LAHORE: Former president Asif Ali Zardari has hinted at softening his stance towards ousted prime minister Nawaz Sharif by saying that talks may be held with the arch-rival but only after the latter divulges his sources of income.

“Talks may be held (with the Sharifs) on issues but they should first reveal that how they built their fortunes while they had come [migrated to Pakistan after partition] empty-handed,” the Pakistan Peoples Party co-chairperson said while speaking at an Iftar-dinner hosted by the party’s Lahore chief Azizur Rehman in the Karol Ghati area here on Thursday.

“When [these] people came to Pakistan what did they bring here [with them] and what do they own now?” he asked. The PPP co-chairman has so far been rejecting all offers by Mr Sharif for sitting together “in the larger interest of democracy”.

Mr Zardari accused the Pakistan Muslim League-Nawaz supreme leader of colluding with the establishment for 30 years and taking the anti-establishment line only after his ouster from power, saying that they were the ones who introduced the politics of Changa Manga, a reference to horse-trading in the late 1980s and early 1990s.

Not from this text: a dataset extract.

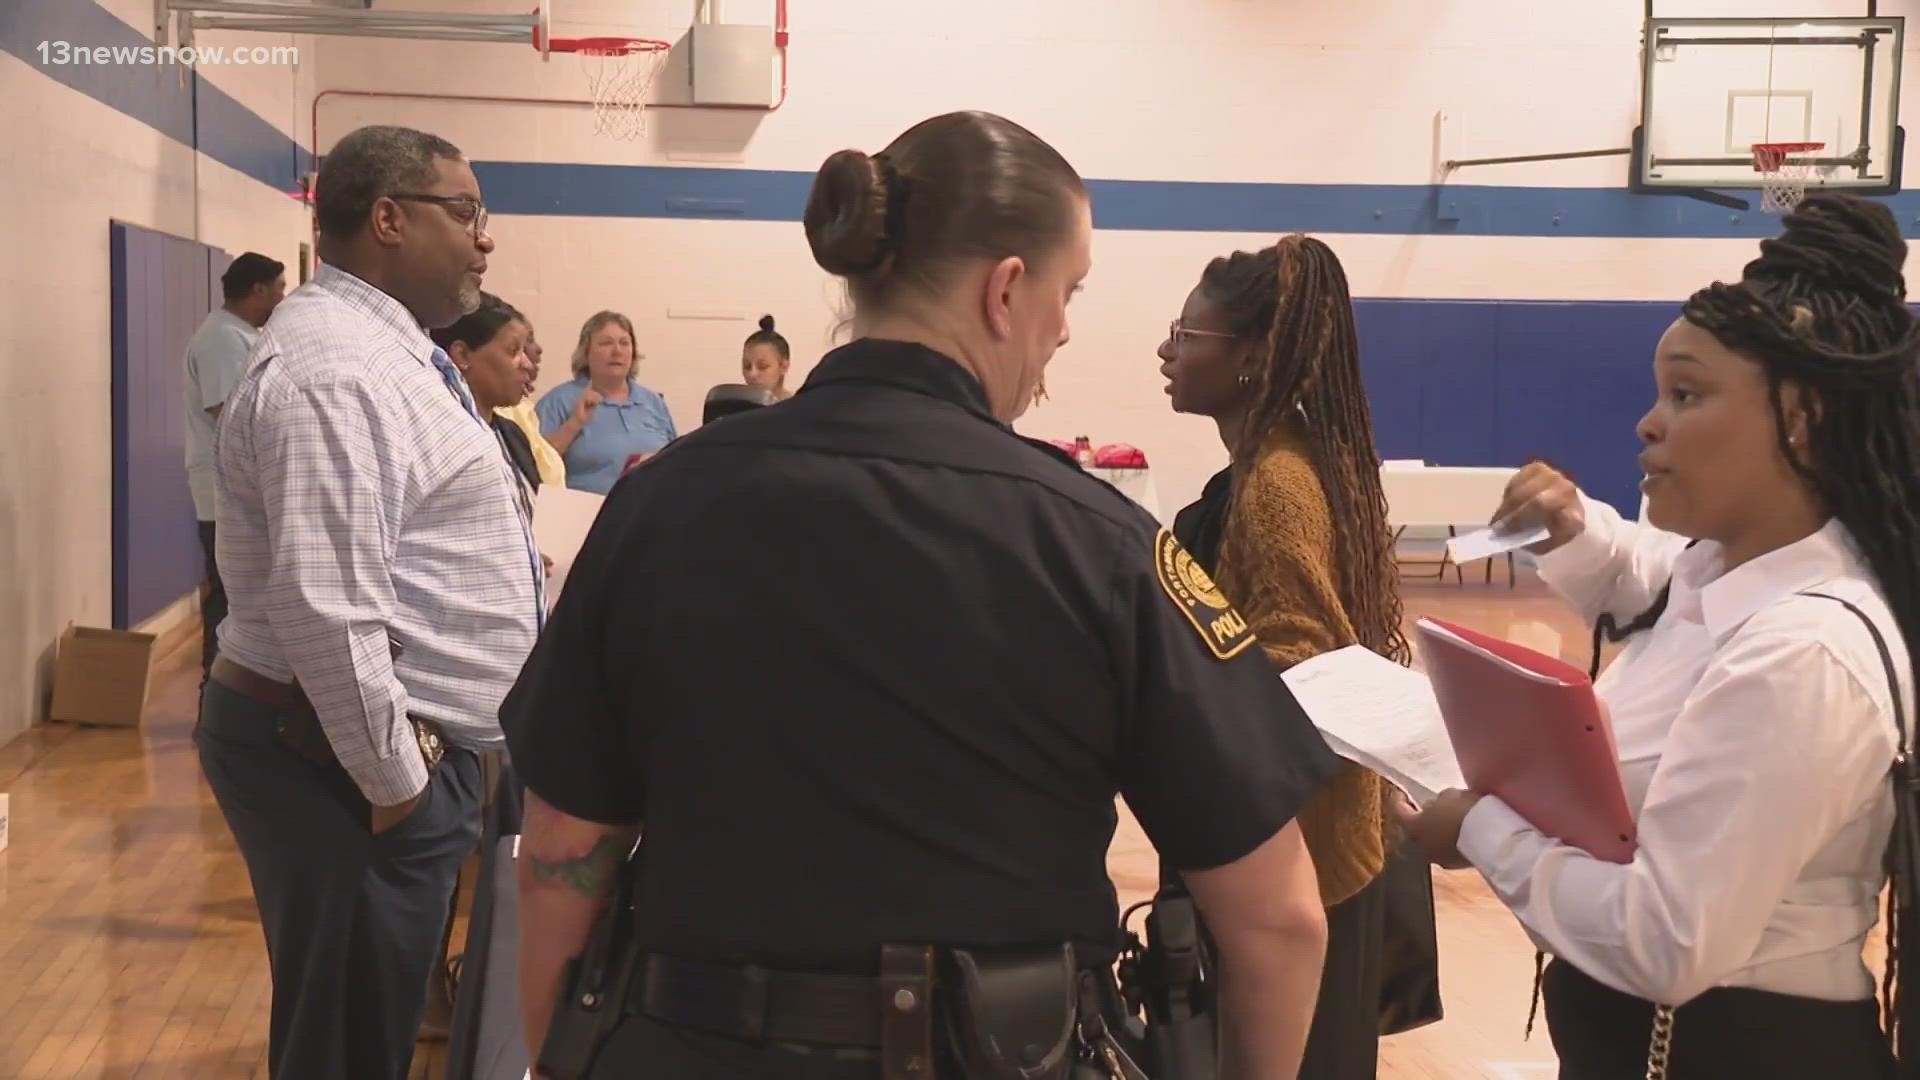 For the first time in nearly 10 years, the City of Portsmouth held its own job fair. The city needs to fill more than 100 openings across city departments.

He said that in their fondness for power the Sharifs forgot even to remain loyal to the homeland. Addressing the PML-N leader, he criticised politicians for deceiving their country in quest for power, counselling them that “homeland comes prior to power.”

Mr Zardari said that a presidential reference about reopening of PPP founder Zulfikar Ali Bhutto’s case had been lying with the Supreme Court and urged the court to adjudicate the issue at the earliest.

He said that by getting the case reopened he didn’t mean to get someone penalised rather he meant to remind (the perpetrators) of the past mistakes and for­give them because those needed to be penalised had already left this world for good.